I’ve lost count of the number of times I’ve heard phrases like, 'Oh he must earn a lot though', or 'At least the money’s worth it'. And my personal favourite: 'You can’t take it with you, you know?' usually deployed in order to make you feel bad about your long-distance relationship.

Of course there are some people working in the mines for a set time to achieve a very specific financial goal and of course it’s silly to say Mr Miner’s not interested in the money at all.

He is a fitter by trade and could choose to work on buses or trucks in the city, for fewer hours and for less money. But I certainly don’t know many people who would want to do exactly the same job and be paid half as much.

For us the perks of the mining lifestyle are also about the other things it affords us. For example, if Mr Miner takes two weeks' leave, he can then take five weeks' holiday, which allowed us to go back to Europe to visit my friends and family.

We can also make plans for the future, whether that’s planning to travel, planning to start a business or planning to buy a house. These plans can be realized sooner because of the extra money.

However, when it comes down to it, we are still a double income couple in our early 30s, who (like many others) can’t afford a house in Sydney. The money is good, but it’s not ridiculous!

In my opinion, the stories of big spending and living to excess are generally from the younger guys. They’re in their 20s, working in the mines and living in the sticks with nothing to spend their money on but big nights out and big boy’s toys. And as I see it, that’s similar to how many people will spend their early twenties, no matter the income.

When I was a student in the UK, I was always on my last ten quid and I still managed to afford bottles of vodka and nights out that my mother wouldn’t approve of. Yes, it’s due in part to the money, but also due to fact they have no responsibilities. And let’s be honest, who would begrudge a young bloke a bit of fun?

So, yes, Mr Miner does work in part for the money. And although he doesn’t like the cashed-up bogan connotations, they are easily laughed off as jealousy.

The thing I hate most is the insinuation that I am in it for the money too.

It’s one of his best friend’s favourite jokes: I can’t be with him with for his personality, so I must be with him for his money and his sexual prowess. (He's half right, but I will give you a clue and say that his money is not my money.)

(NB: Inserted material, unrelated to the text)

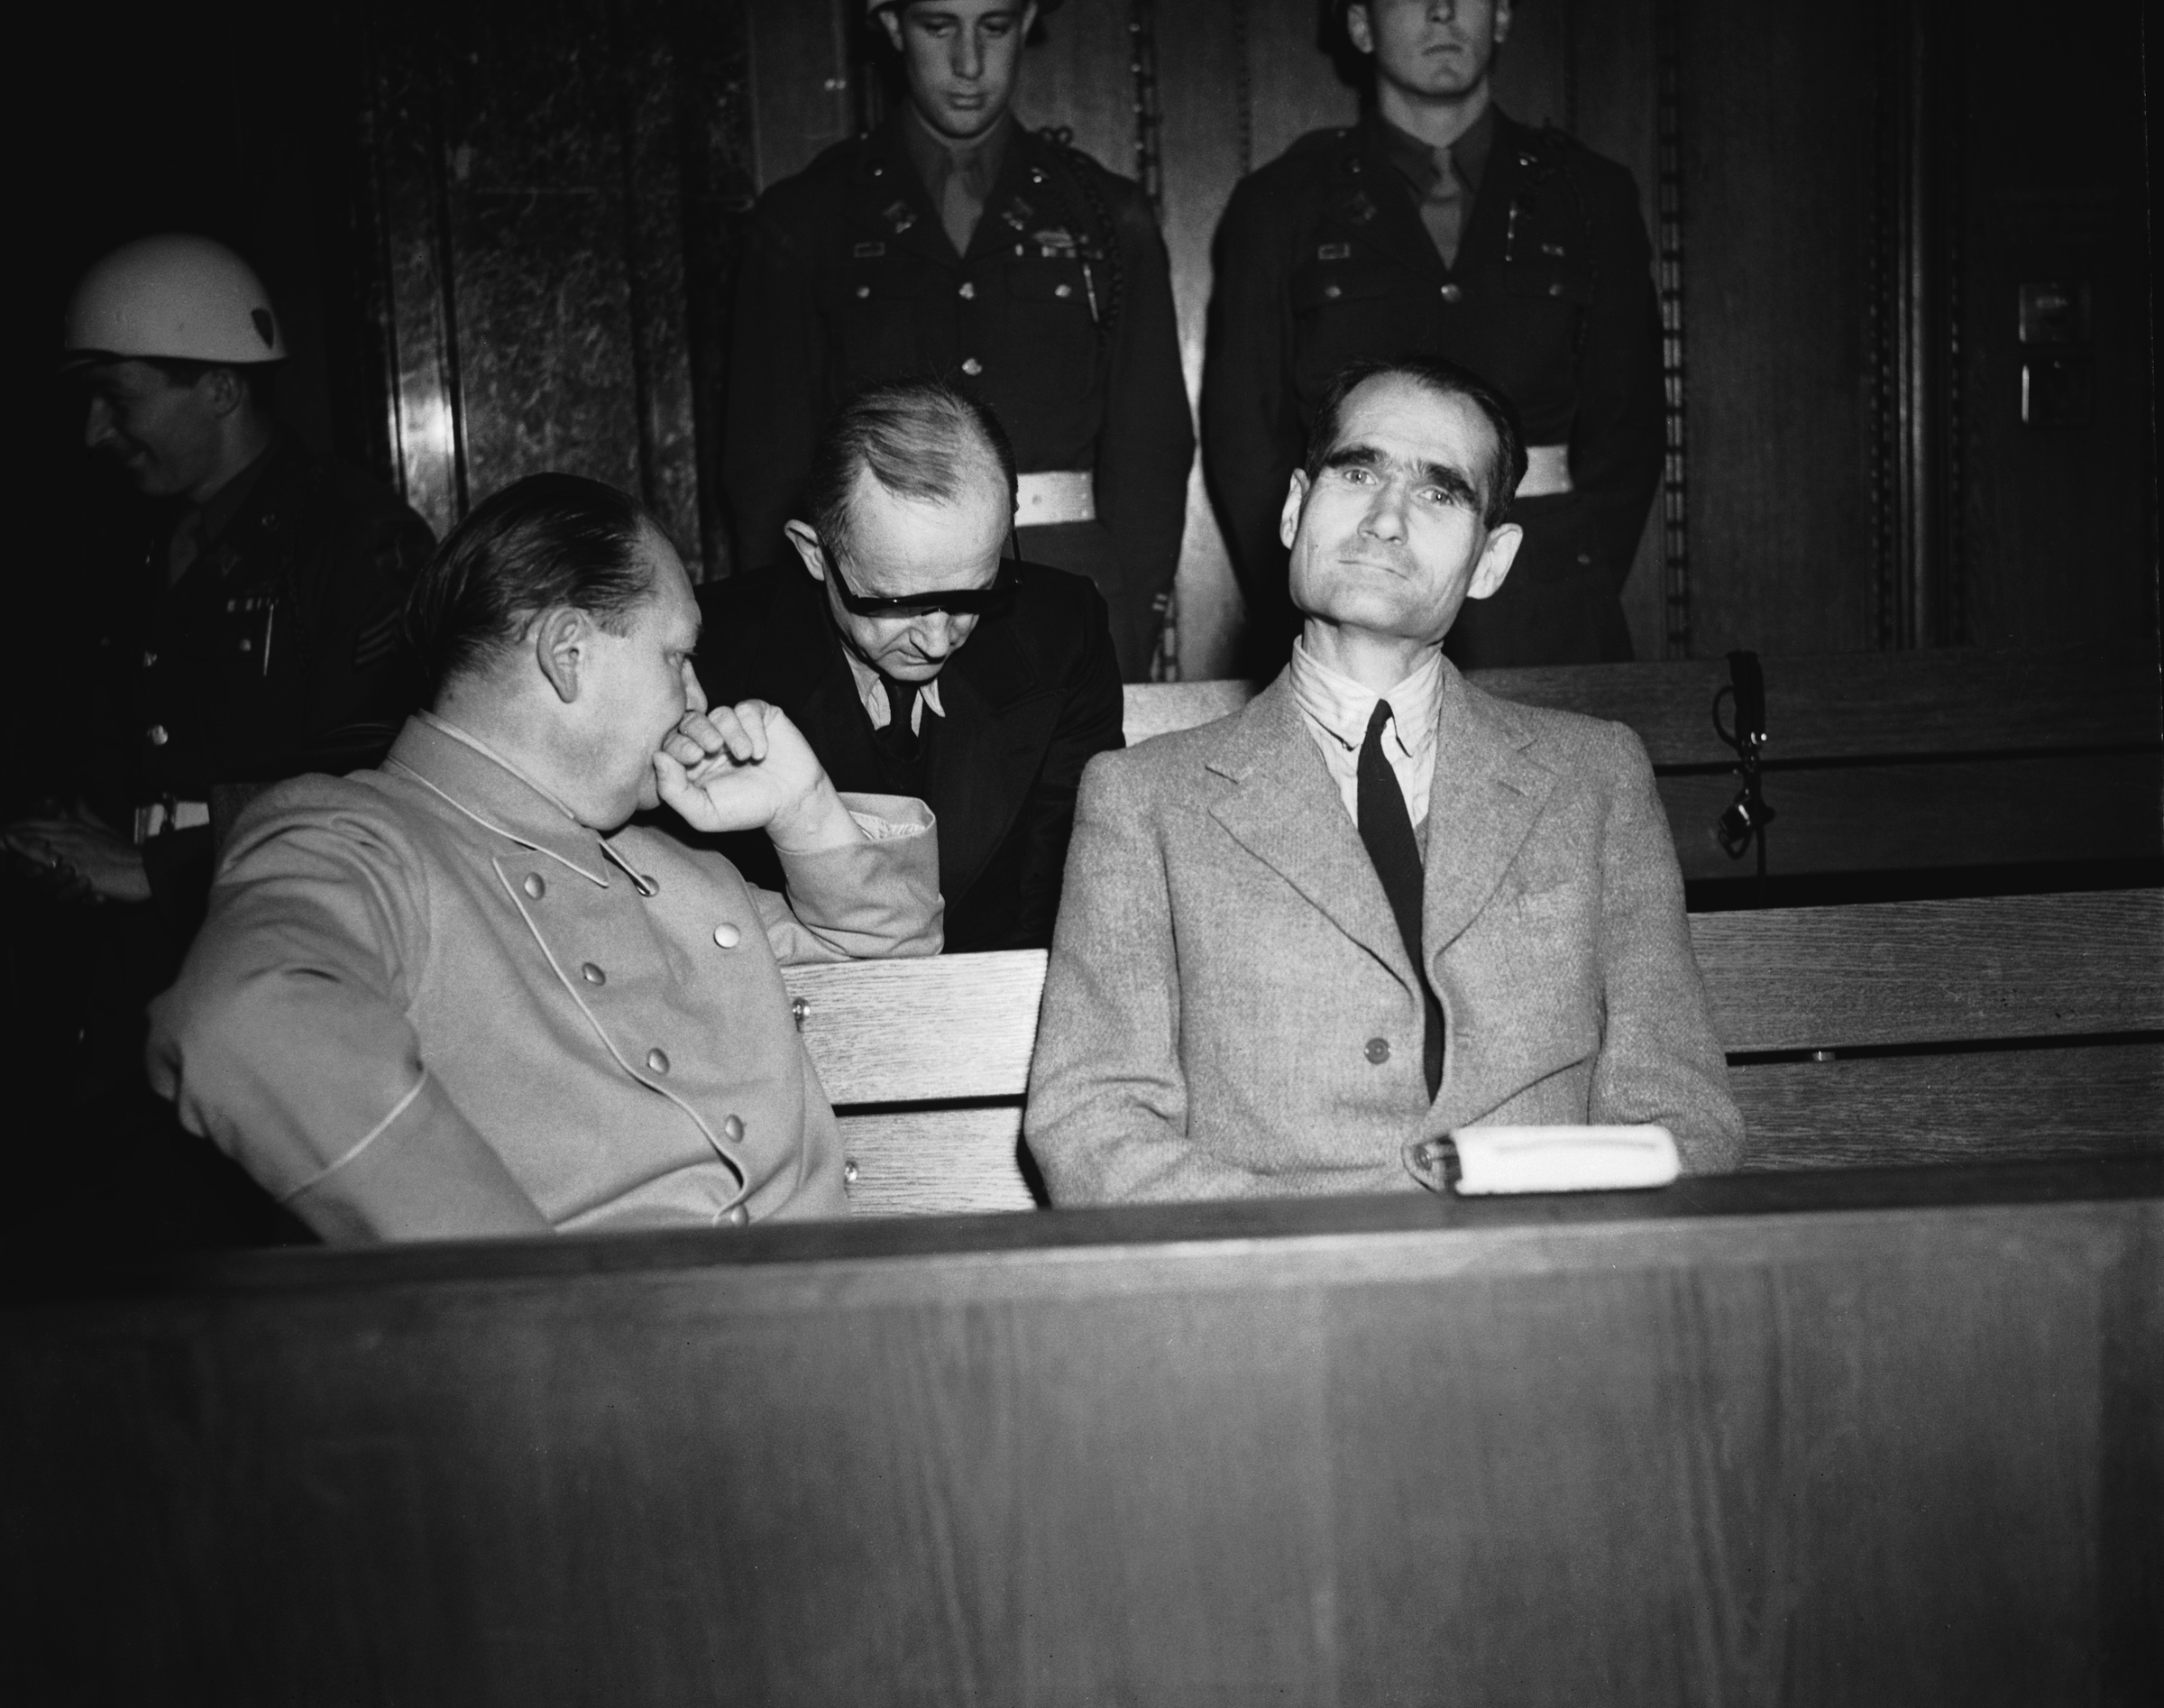 Бывшие нацистские военные и политические лидеры Герман Геринг (слева) и Рудольф Гесс. Фото © Getty Images / Chris Ware / Keystone / Hulton Archive
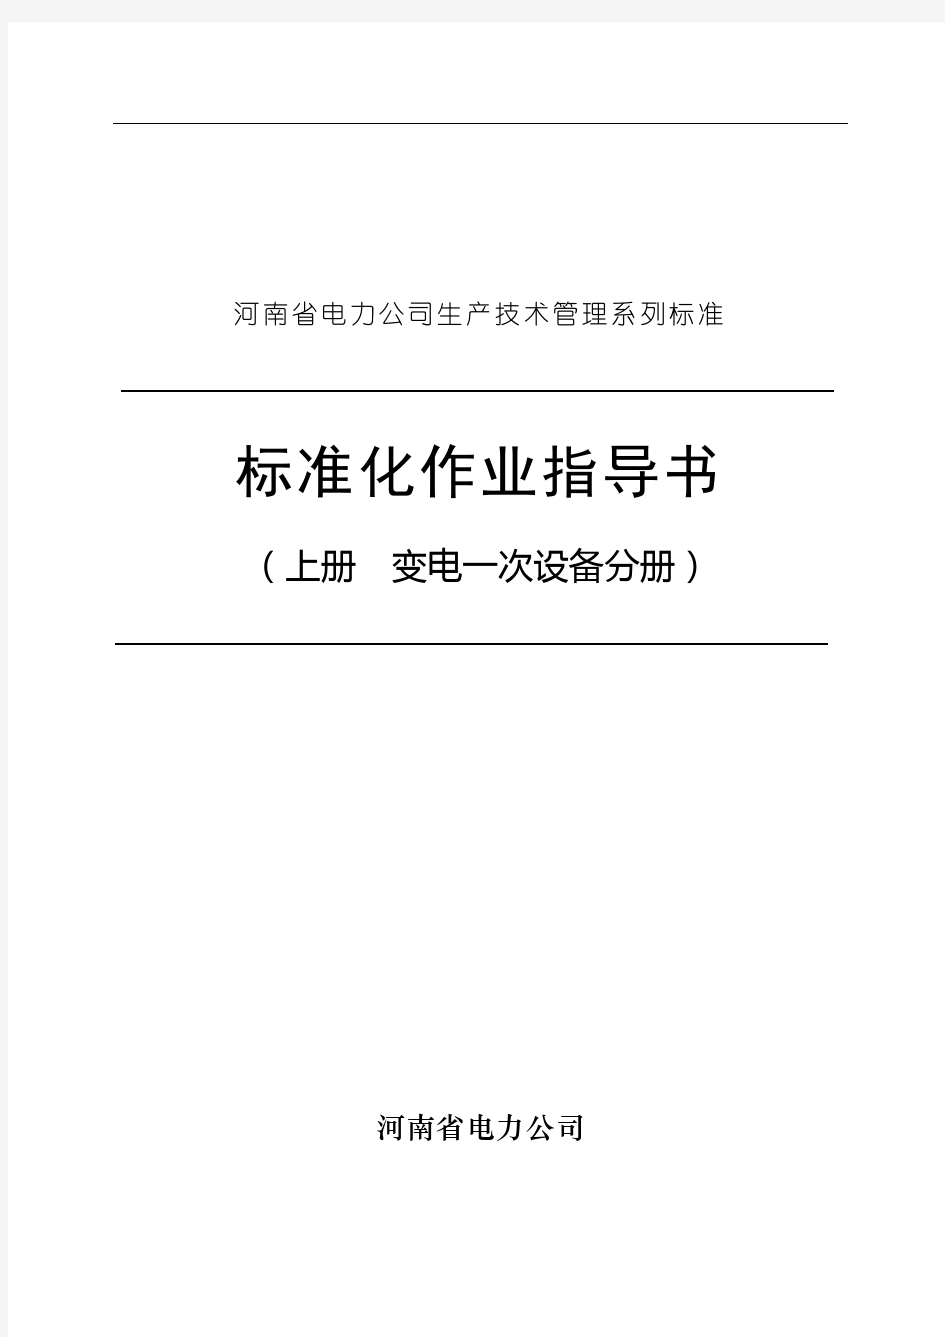 河南省电力公司标准化作业指导书(上册)--kaixin22122

We pay rent and bills together, split equally 50/50, and although he will treat me to the occasional dinner, I like to think that romance rather than charity is behind the gesture.

I am very independent and I like to think successful in my own right. I have my own career and my own business and I like to pay my own way. Plus, as a friend’s grandmother once said, it’s always good to have a runaway fund!

When it comes down to it, we’re in this for the long haul, and it’s definitely not money that will get us through that.

As people always say, you can’t take it with you… which is a funny saying, because from what I’ve heard, you can’t take him with you either!